31. Emission measure maps of a CME seen by SDO/AIAJanuary 29, 2013, from uksp_nug_ed
Author: Iain Hannah and Eduard Kontar,
SUPA School of Physics & Astronomy, University of Glasgow.
The spectacular images from the Atmospheric Imaging Assembly on the Solar Dynamics Observatory (SDO/AIA) show a range of highly energetic phenomena in the solar corona like flares and coronal mass ejections (CMEs). These observations not only permit the dynamics to be studied but the different wavelength filters, particularly the six sensitive to coronal temperatures, also allow the heated plasma parameters to be investigated. In this nugget we demonstrate a regularized approach to recovering the underlying temperature distribution of the emitting material from a CME low in the solar corona. The SDO/AIA images show the CME formation which broadly matches the classic CSHKP model of an erupting plasmoid, stretching the magnetic field to produce a current sheet behind it. However in reality this event is considerably more complicated: this CME featured in a earlier nugget.
Regularized Differential Emission Measure
The Differential Emission Measure (or DEM, ξ) describes the amount of material along the line-of-sight within a particular temperature range . The DEM convolved with the temperature response (see UKSP Nugget 4. for more info on the responses) of each wavelength gives the observed signal in each pixel. Unfortunately a direct inversion of the data does not produce a unique DEM solution and additional constraints are needed to achieve a stable solution of this ill-posed inverse problem. Many different solution techniques have been developed (see  for discussion and references) but often with limitations due to the constraints used (e.g. modelling the DEM as isothermal or single Gaussian) or the time it takes to compute a solution.

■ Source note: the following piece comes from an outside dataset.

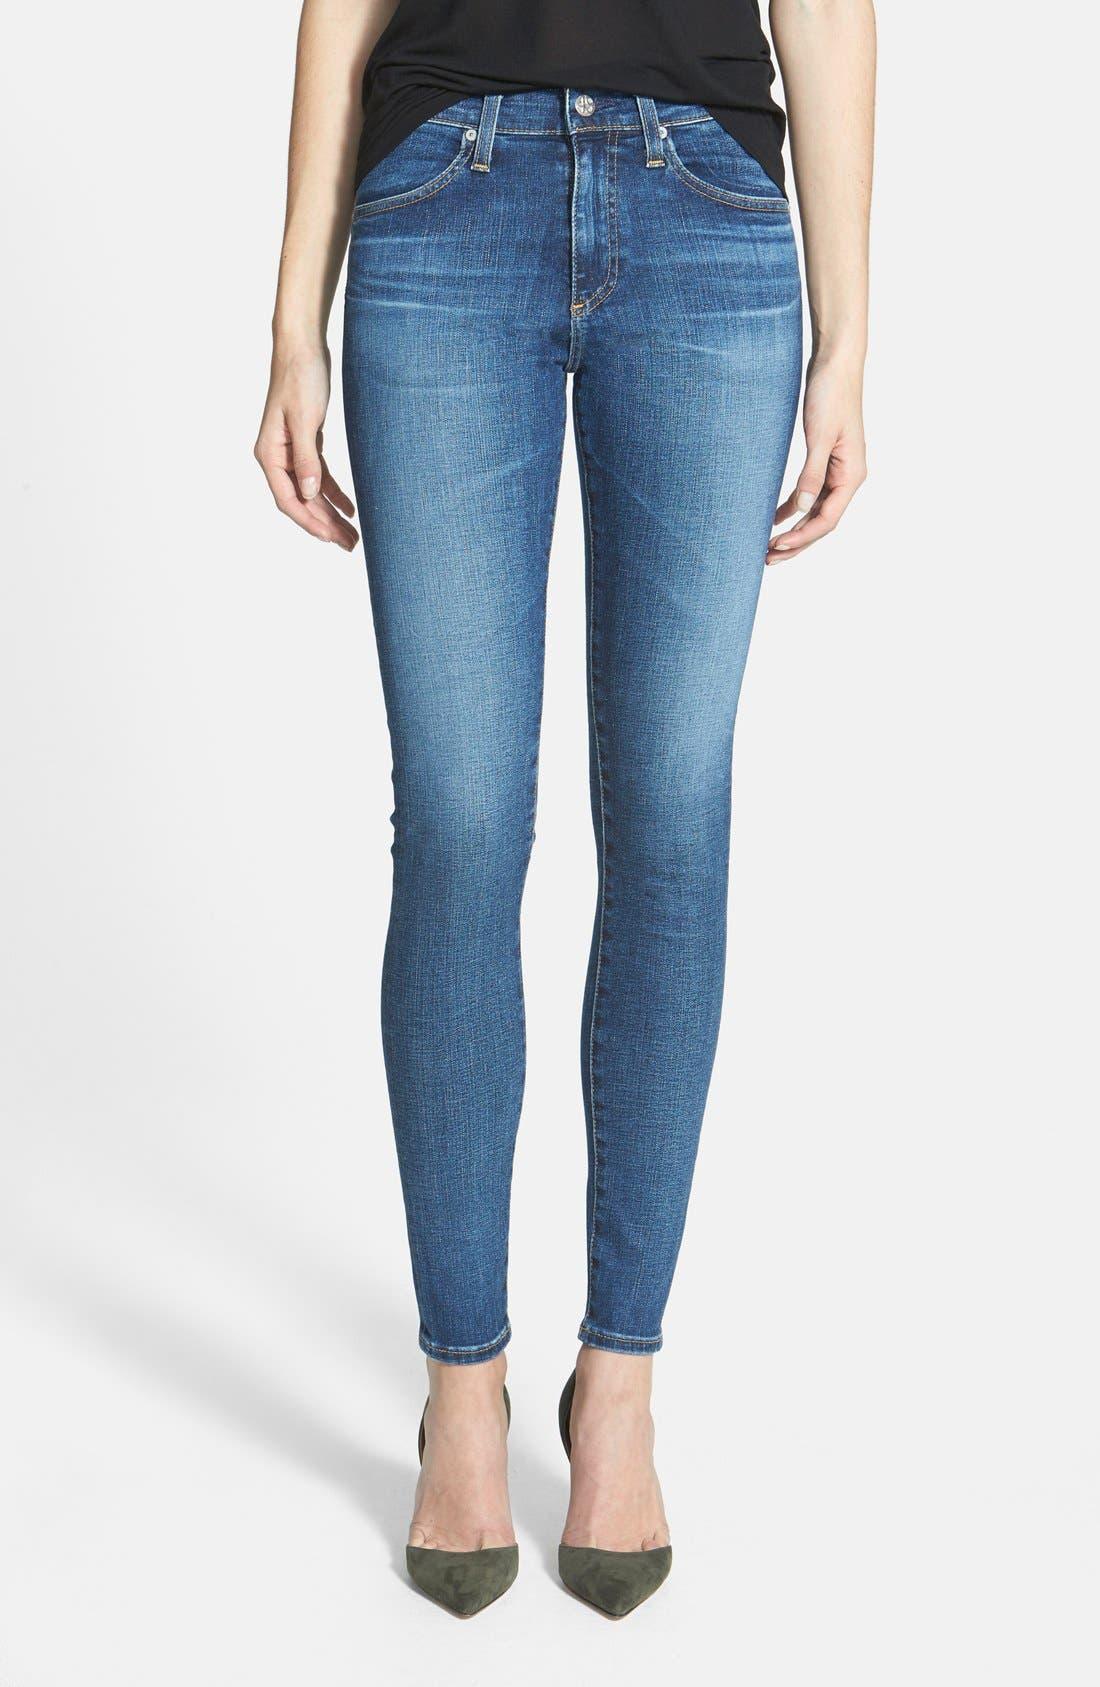 'The Farrah' High Rise Skinny Jeans,                             Main thumbnail 8, color,

The latter is particularly important as the huge volume of SDO/AIA data (40962 pixels every 12 seconds) has the potential to provide the DEM as a function of position (maps) and time (movies). This is crucial information when trying to studying dynamical heating in the corona.
We use Tikhonov regularization to recover the DEM. This adds a constraint based on the expected “smoothness” of the solution. This method [2,3,4] (intially implemented for the inversion of RHESSI spectra ) is not only quick to compute (our code able to calculate 10,000s DEMs per second) but it makes no assumptions about the model form of the DEM and provides both horizontal (DEM) and vertical (temperature) uncertainties. DEMs for four different pixels in the image of the CME are shown in Figure 1. Here we see hot (>8 MK) material in the core (B) of the erupting material, as well as the stem (A) connecting it to the lower solar atmosphere. At the leading edge of the eruption (C) the DEM still shows the hotter component but just slightly ahead of it (D) we only have the single, cooler coronal component.
DEM maps and movies
The strength of the regularization of SDO/AIA data is really apparent once we calculate the DEM in every useable pixel (where the signal to noise is large enough and the pixels aren’t saturated) across the six coronal images and then repeat this for the new set of images every 12 seconds. The resulting movie of the eruption is shown in Figure 2, where we show nine temperature ranges. In the 8-11 MK and 11-14 MK temperature ranges we see the plasmoid rising up with the stem-like current-sheet forming behind it. The continued emission from the stem and loops at these temperatures after the eruption shows that there is continued energy release to heat the plasma.
In Figure 3 we show the different components of the eruption clearly defined in the 11-14 MK EM map at 12:15:02UT. Note that here (as in the movie Figure 2) we are plotting the Emission Measure EM and not the DEM, achieved by removing the factor of the temperature bin widths. We do this so that the EM values in each pixel are simply related to the square of the electron density multiplied by the line-of-sight depth. Therefore by estimating the depth (for instance assuming the depth is the same as the width, or that it’s 100Mm deep) then we can calculate not only the densities but also the thermal as well as the kinetic energy (for just the core and envelope as the stem isn’t moving outwards). Doing this for the core and envelope in Figure 3 we find that the thermal energy is consistently slightly larger than the kinetic energy.
We can also look at the time evolution of the eruption as a function of temperature. We calculate the velocity of the leading edge of the eruption in each temperature band by tracking it in a series of EM difference images (shown in the subfigure in Figure 4). For this CME we find that the emission at cooler temperatures (< 2-3 MK) is moving faster than those at higher (> 3-4 MK).
Regularized EM maps present a very powerful tool for exploring the dynamics of heating in the corona with SDO/AIA observations, providing the plasma parameters required by those building models of these energetic events. The IDL code to calculate the DEMs is freely available here. An explanation of the code and a more detailed analysis of the CME shown in this nugget are the subject of a paper submitted to A&A , available on arxiv.